## EXERCISE PROMPT
Begin at the line that holds "BLOODY MARY # 1.3" and copy each line exactly until the data below ends, including that last line but no pictures.

BEGIN INPUT DATA

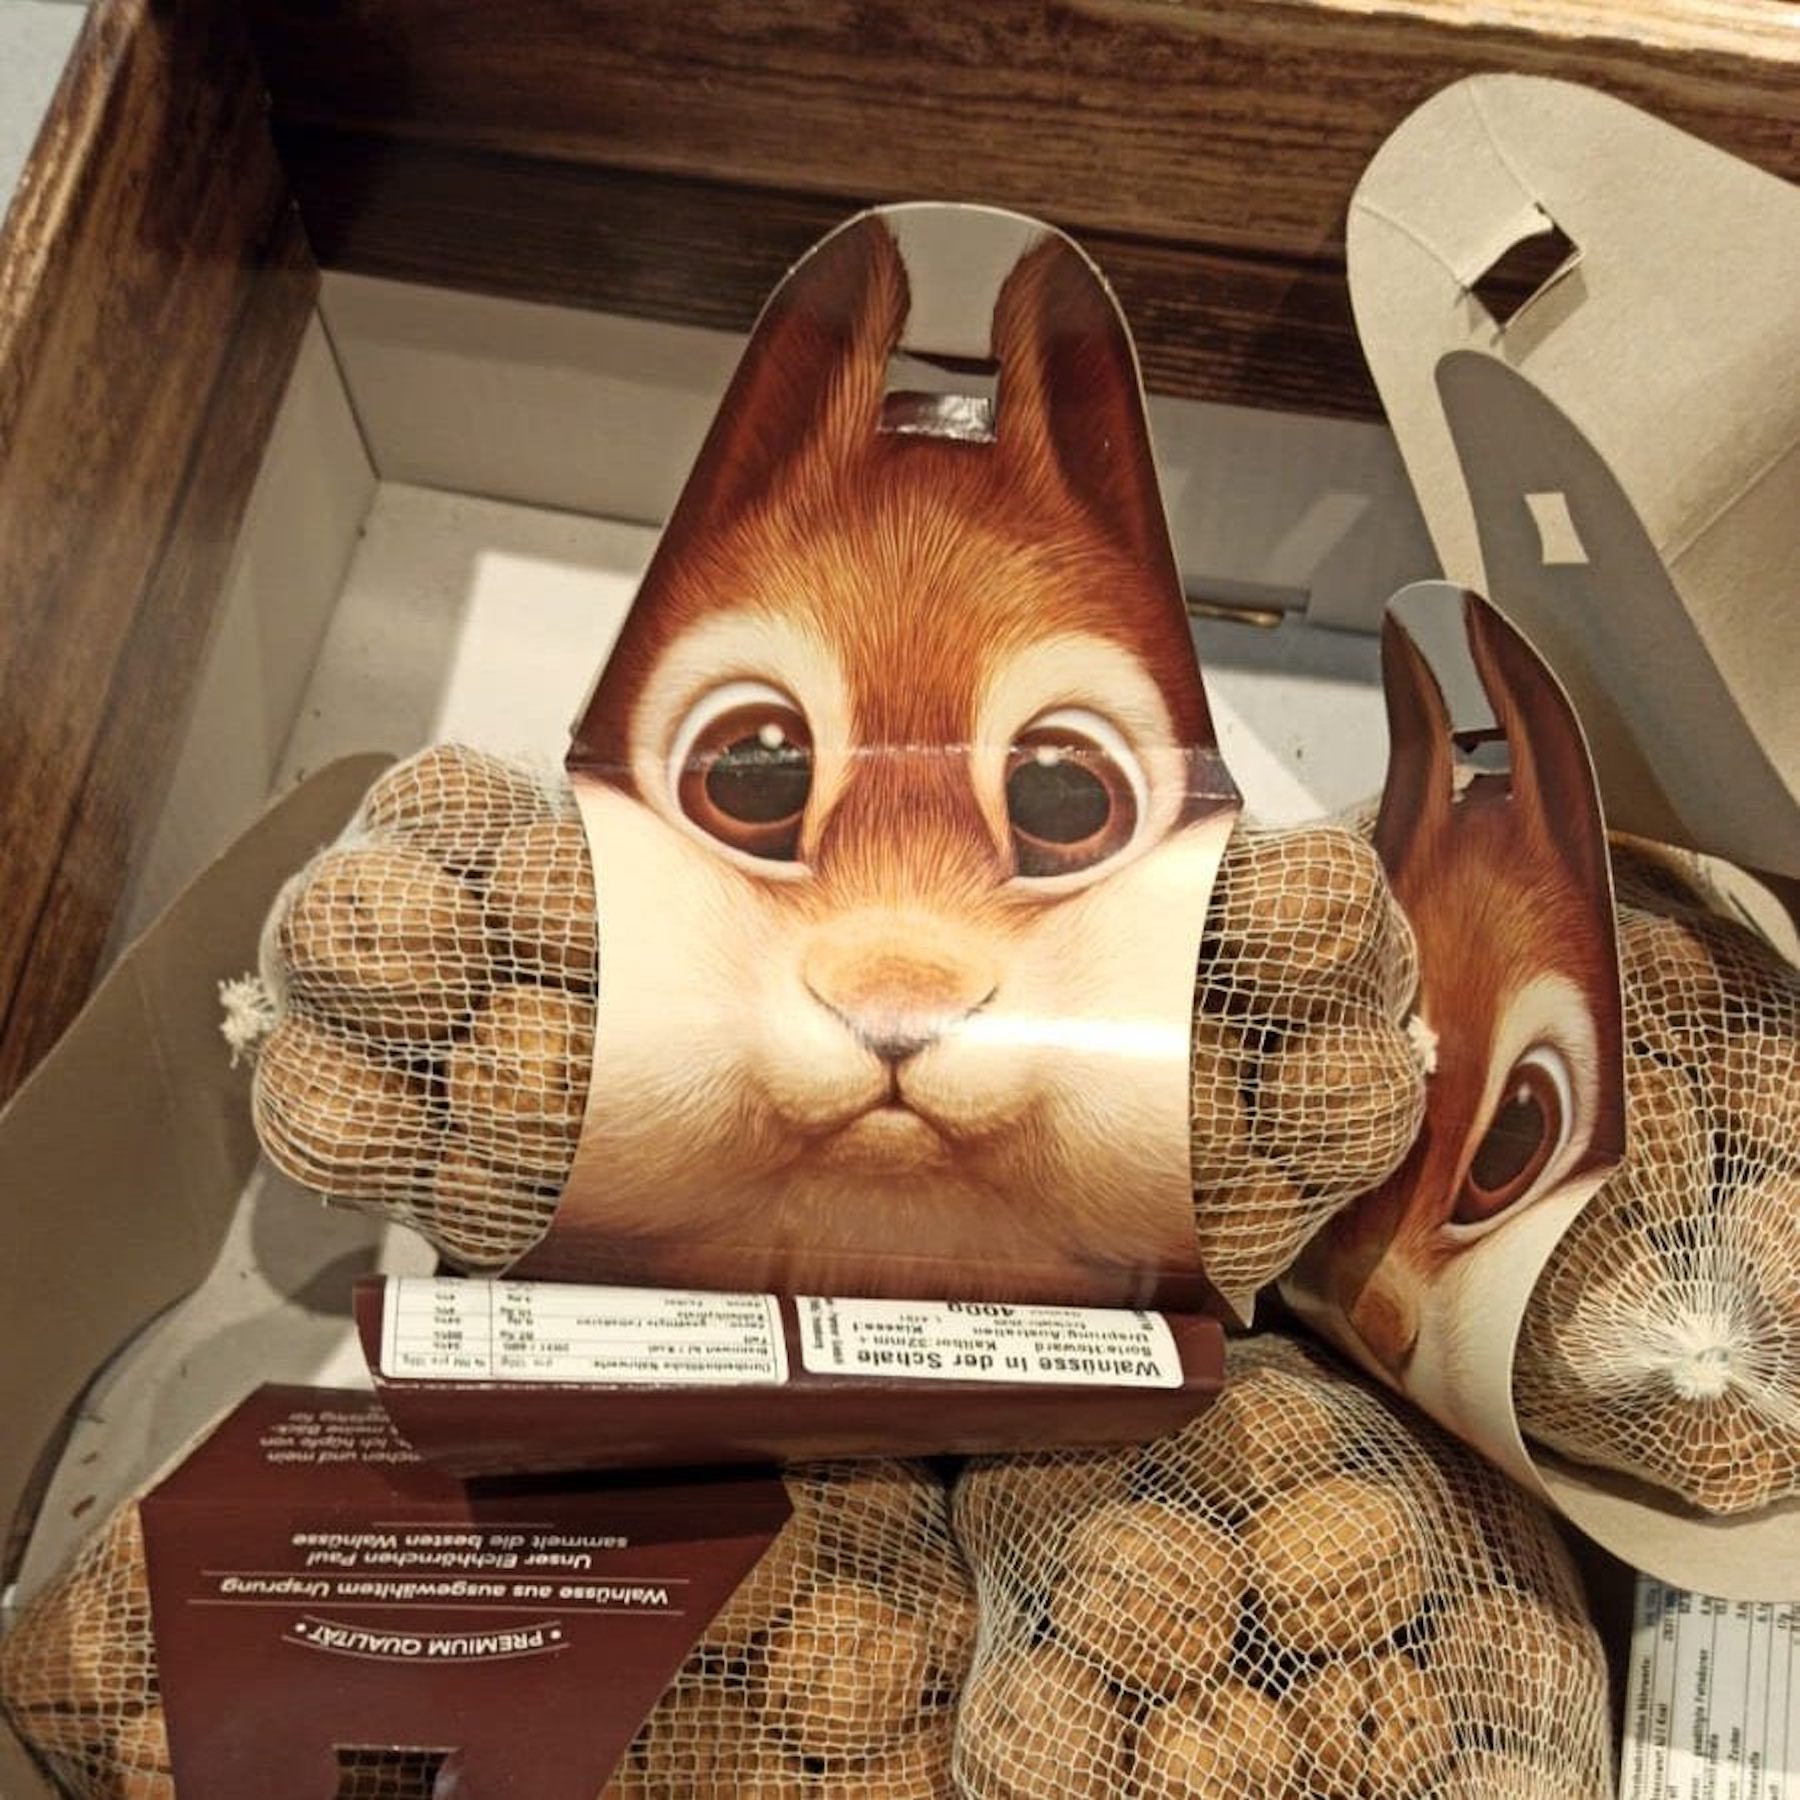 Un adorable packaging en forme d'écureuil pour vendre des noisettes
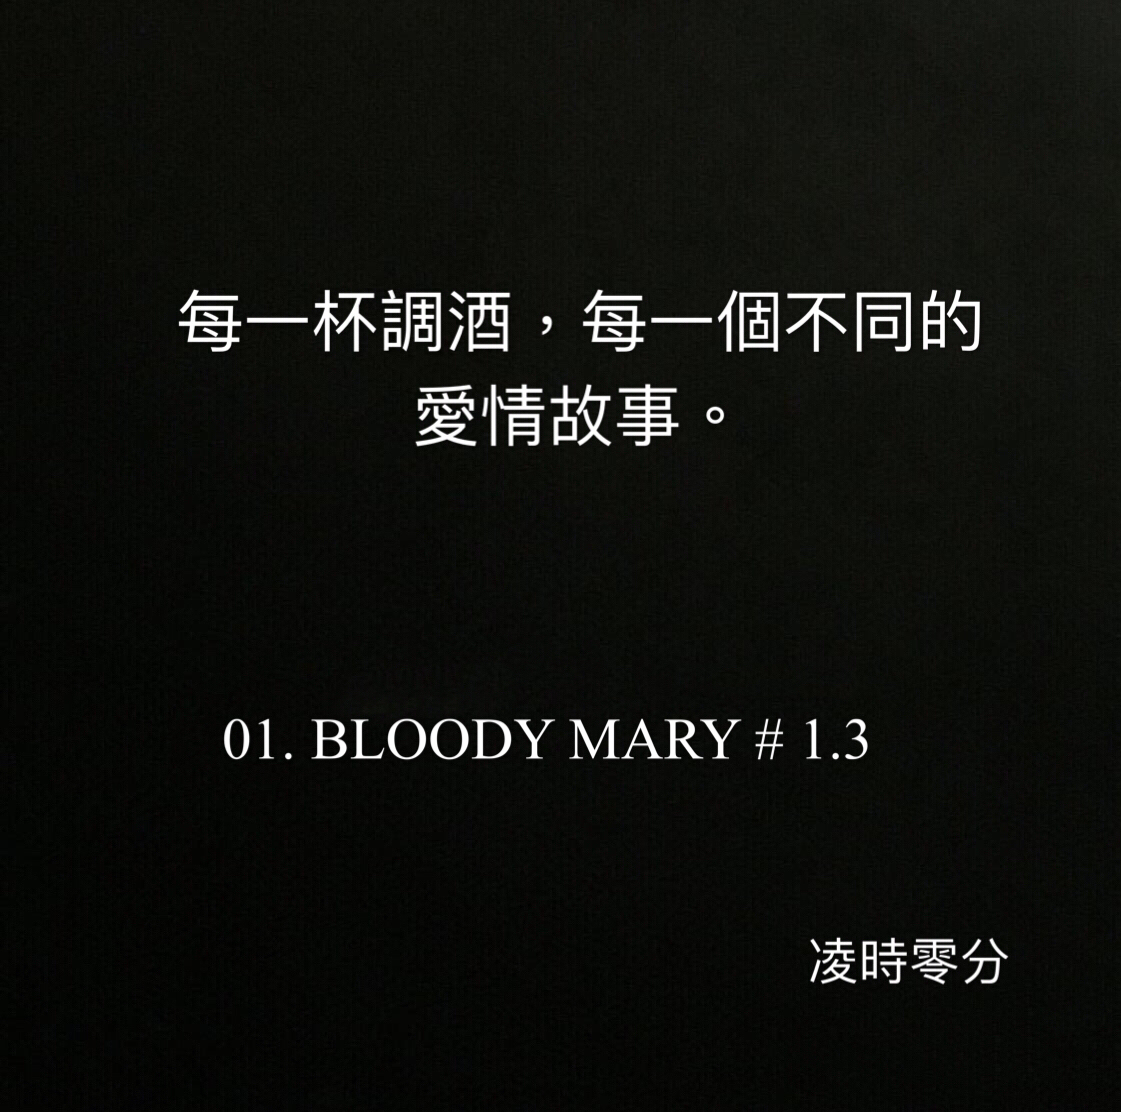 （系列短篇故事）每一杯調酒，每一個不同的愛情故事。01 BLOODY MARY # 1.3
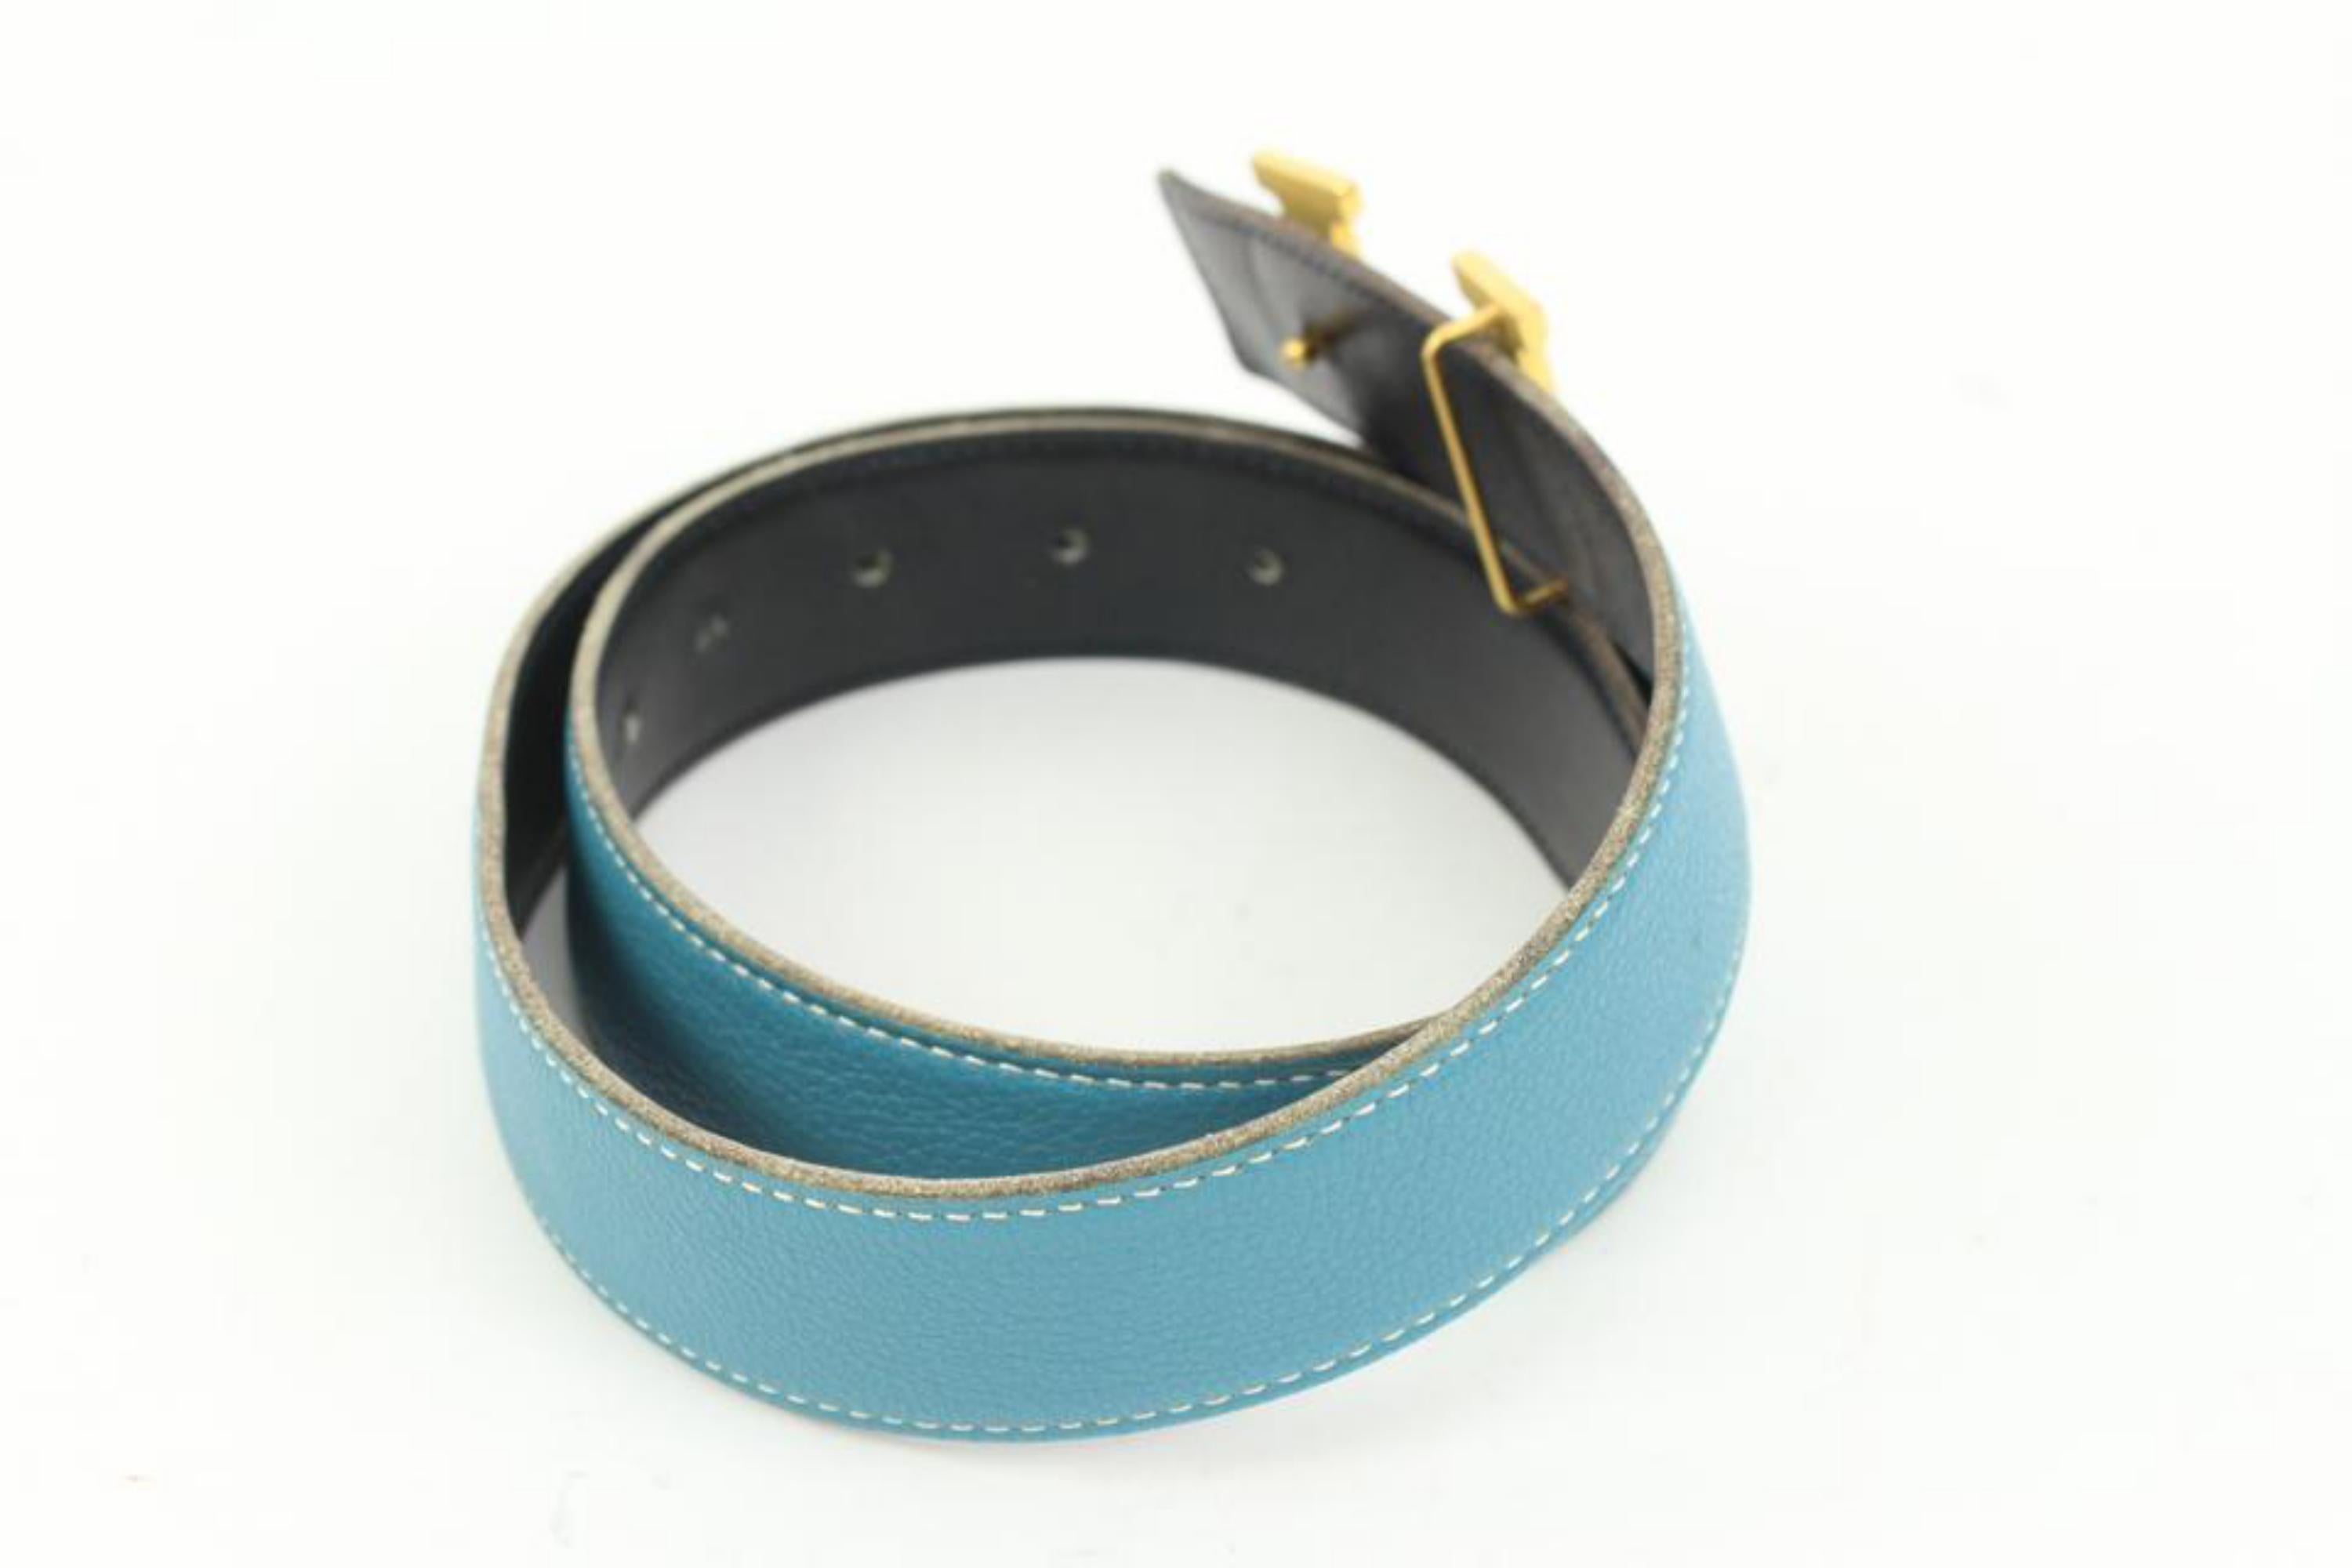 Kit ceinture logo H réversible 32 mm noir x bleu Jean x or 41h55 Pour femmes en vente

END INPUT DATA

## RESULT
 （系列短篇故事）每一杯調酒，每一個不同的愛情故事。01 BLOODY MARY # 1.3
 Kit ceinture logo H réversible 32 mm noir x bleu Jean x or 41h55 Pour femmes en vente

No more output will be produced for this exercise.